Including and following his playing years, Leo Vaillancourt became a member of the National Athletic Amateur Association (NAAA) and the National Intercollegiate Hockey Official Association from 1950 to 1975. In addition, he was a member of the NAAA Evaluation Committee.
Roland Villeneuve
Roland ‘DeDe’ Villeneuve
Attended Notre Dame High School from 1953 to 1957 and was a key figure on the hockey team that won four state championships in each of his four years. In DeDe’s senior year at Notre Dame, he scored 60 goals and had 40 assists, very significant when one considers that high schools only played up to 26 games a year including tournaments. That same year, 1957, Notre Dame High School won the New England High School Championship held at Providence, R.I.. He was selected to be on the all tournament team and voted the tournaments Most Valuable Player. Note: Massachusetts high schools were part of the tournament back then. DeDe was a member of the famed Berlin Maroons (AHAUS) hockey team from 1957 to 1972. In those fifteen years he scored 336 goals. DeDe was voted the Most Valuable Player in the 1972 AHAUS Senior Open Tournament. Walter Brown, owner of the NHL Boston Bruins invited him to a tryout for the Bruins, but had to decline due to prior commitments. DeDe was a member of the Berlin Maroons when they won two AHAUS (Amateur Hockey Association of the United States) National Championships in 1967 and 1968.
Ryan Weston
Even before there was a rink in his hometown of Henniker, forward Ryan Weston was showing the kind of skill as a Mite that would make him one of the top players to come out of New Hampshire.
While attending John Stark Regional High School in Weare as a freshman, Weston skated for the New Hampshire Jr. Wildcats. He transferred to Tilton School for his final three years, where he was a standout four-sport athlete (soccer, hockey, lacrosse and golf) and his hockey teams won New England championships each year he played, including his senior year, when he was captain. He would later be inducted into the Tilton School Hall of Fame.

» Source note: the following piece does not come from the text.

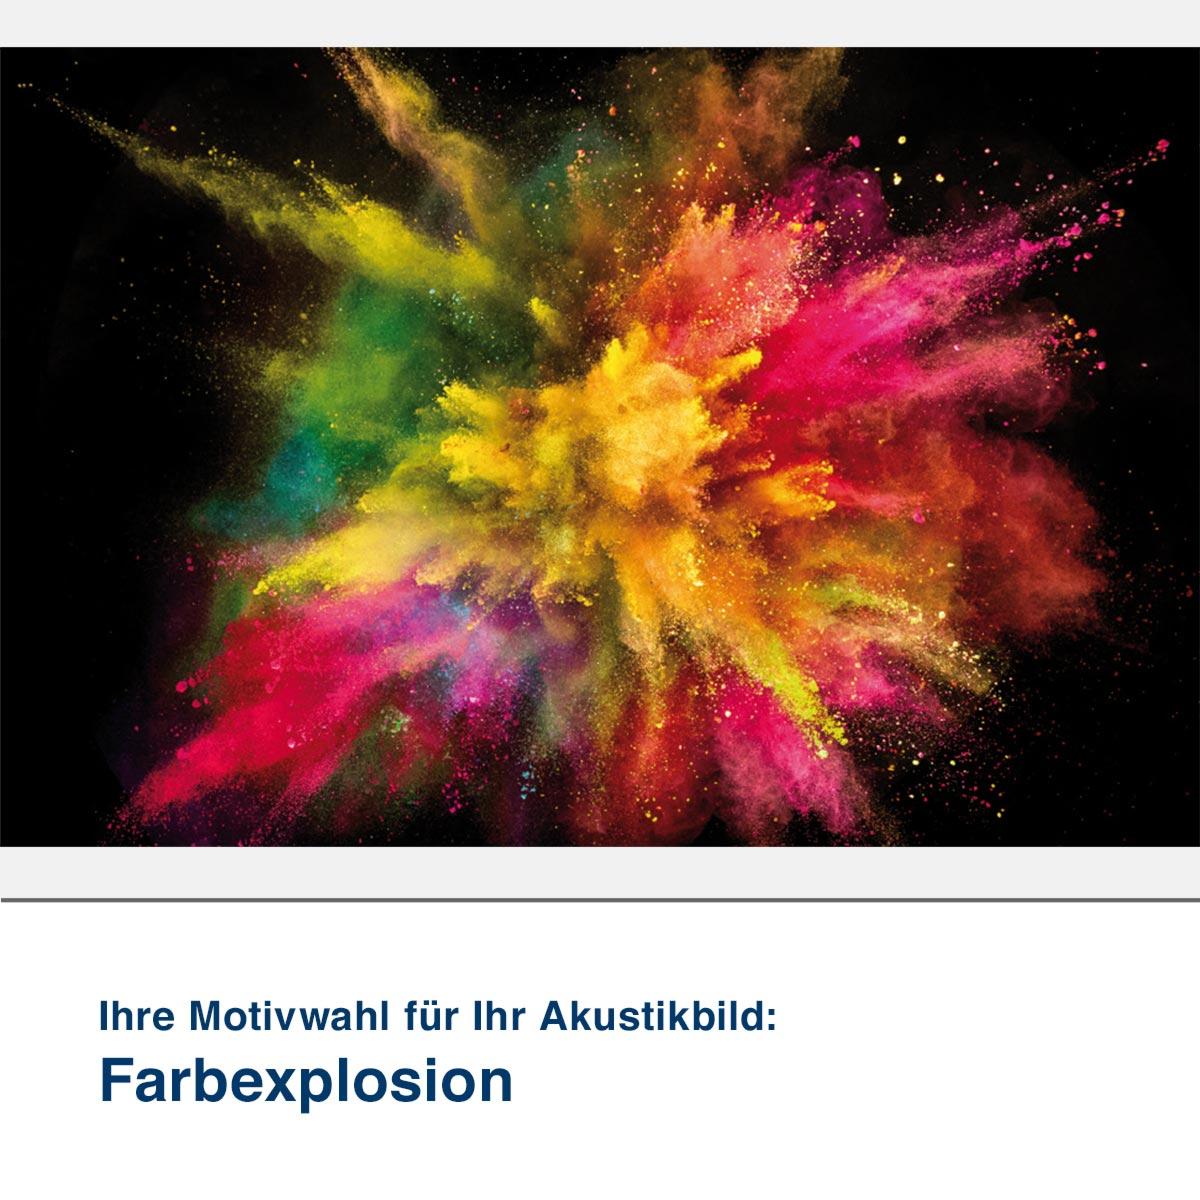 Akustikbild Motiv Farbexplosion
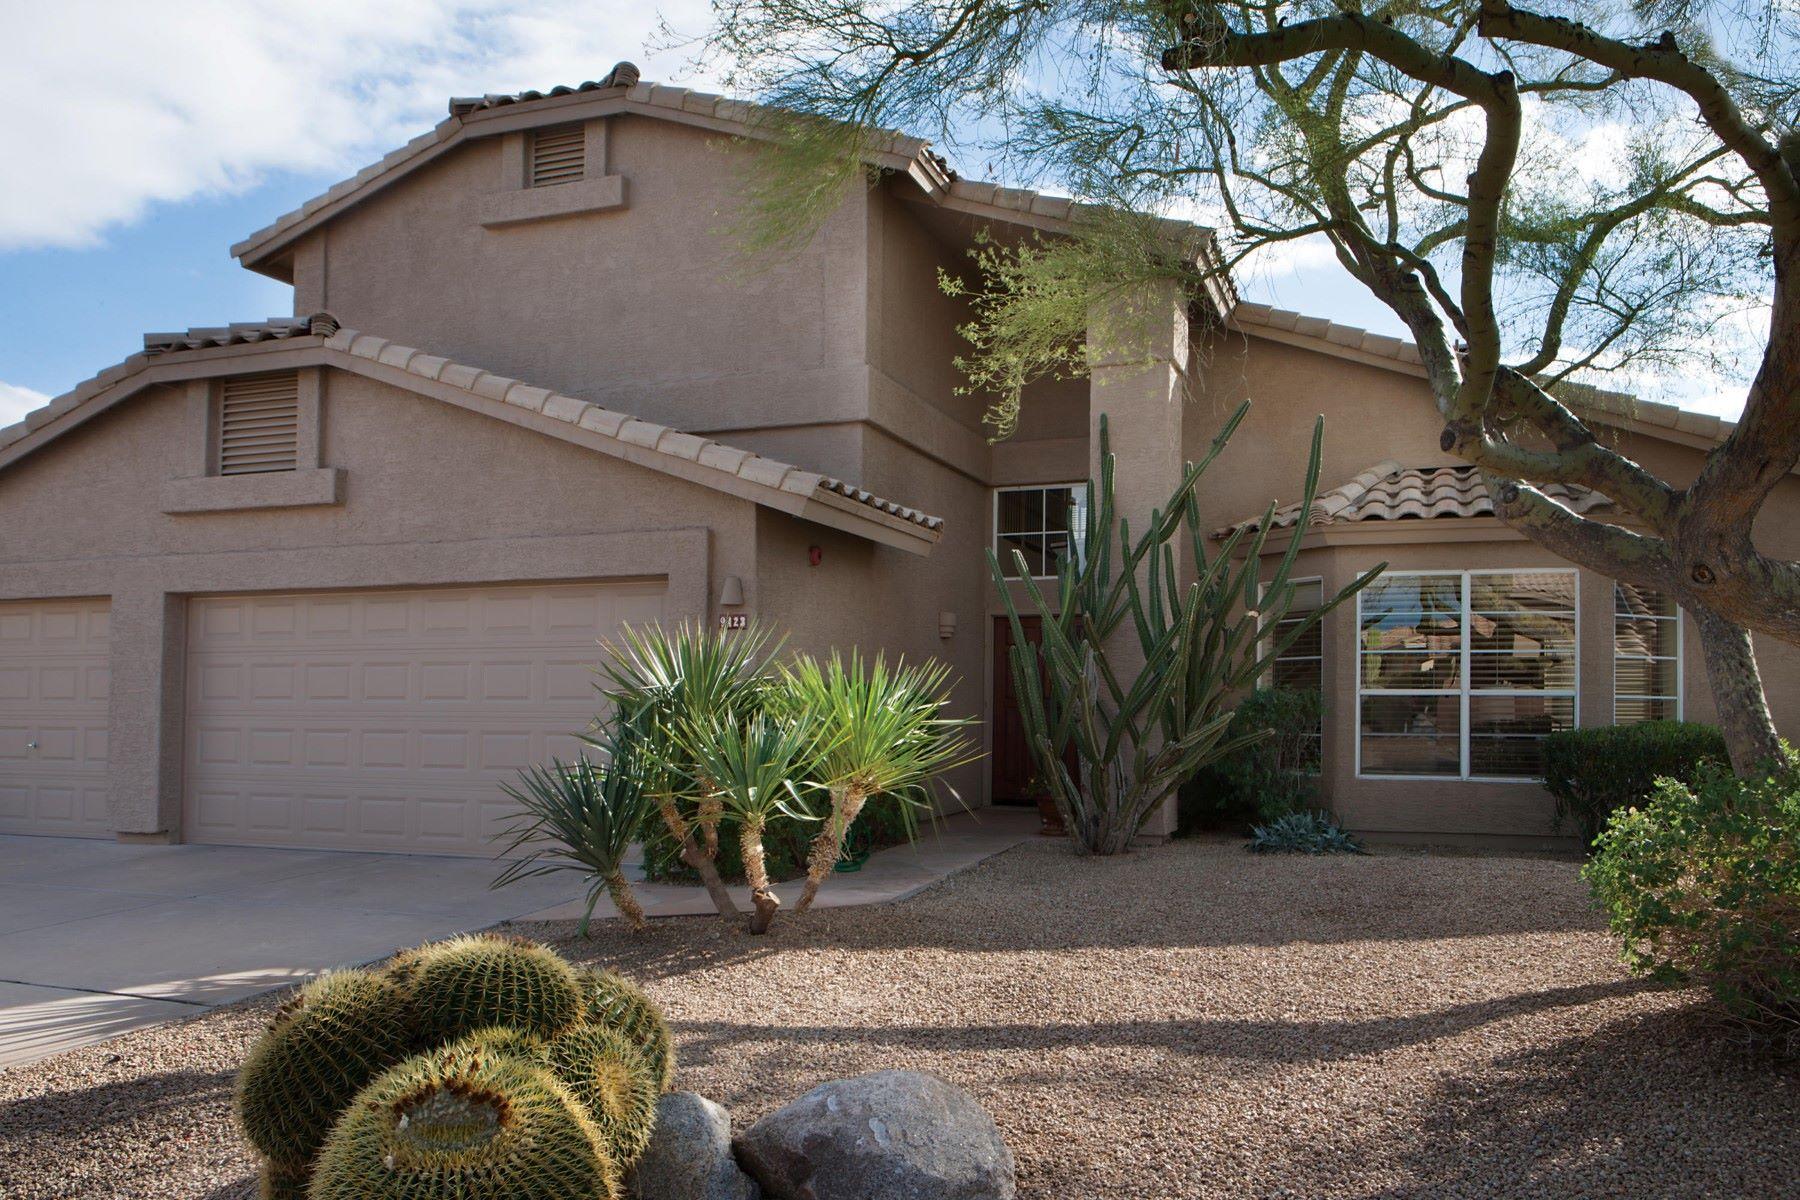 Villa per Vendita alle ore Immaculately maintained Ironwood Village 9423 E Rosemonte Dr Scottsdale, Arizona, 85255 Stati Uniti

“He was unbelievably motivated,” said Mike Walsh, his coach at Tilton.
After two years playing for Gary Dineen and Lincoln Flagg for the New England Jr. Coyotes in the EJHL, where he amassed 39 points in 37 games, Weston took his talents to Boston University, where he played in at least 30 games in all four seasons.
The Terriers won three Beanpot tournaments of his first three years, BU advanced to the NCAA tournament.
As a senior, Weston served as Alternate Captain and was one of just four players to play in all 39 games. He finished his career with nine goals and 17 assists.
After BU, Weston went on to play parts of four seasons in the American Hockey League for the Albany River Rats and San Antonio Rampage.
His best season came in 2008-09 with Albany, when he scored nine goals and added seven assists in 63 games. He also played parts of two seasons with the Las Vegas Wranglers of the ECHL.
Weston just recently moved from San Diego where he was Head Coach of San Diego State University Club Hockey Team. He is now a volunteer assistant with Santa Margarita and Carlsbad Unified high school hockey
Donald Williamson
A stalwart with the Manchester Tam -0-Shanters, the late Donald Williamson Sr. is perhaps better known for his accomplishments following his playing career than for the accolades he earned on the ice. When the Manchester Youth Hockey program was in its early stages in the 1970’s, Williamson was instrumental in gathering support for the effort. Because ice time in the area was so scarce, he and his partner Paul Leonard established the Souhegan Skating Center in Merrimack, New Hampshire, a facility that provided year round availability to the sport. At the same time, Williamson provided guidance by offering instructions at his hockey school and coaching several successful Bantam “A” teams.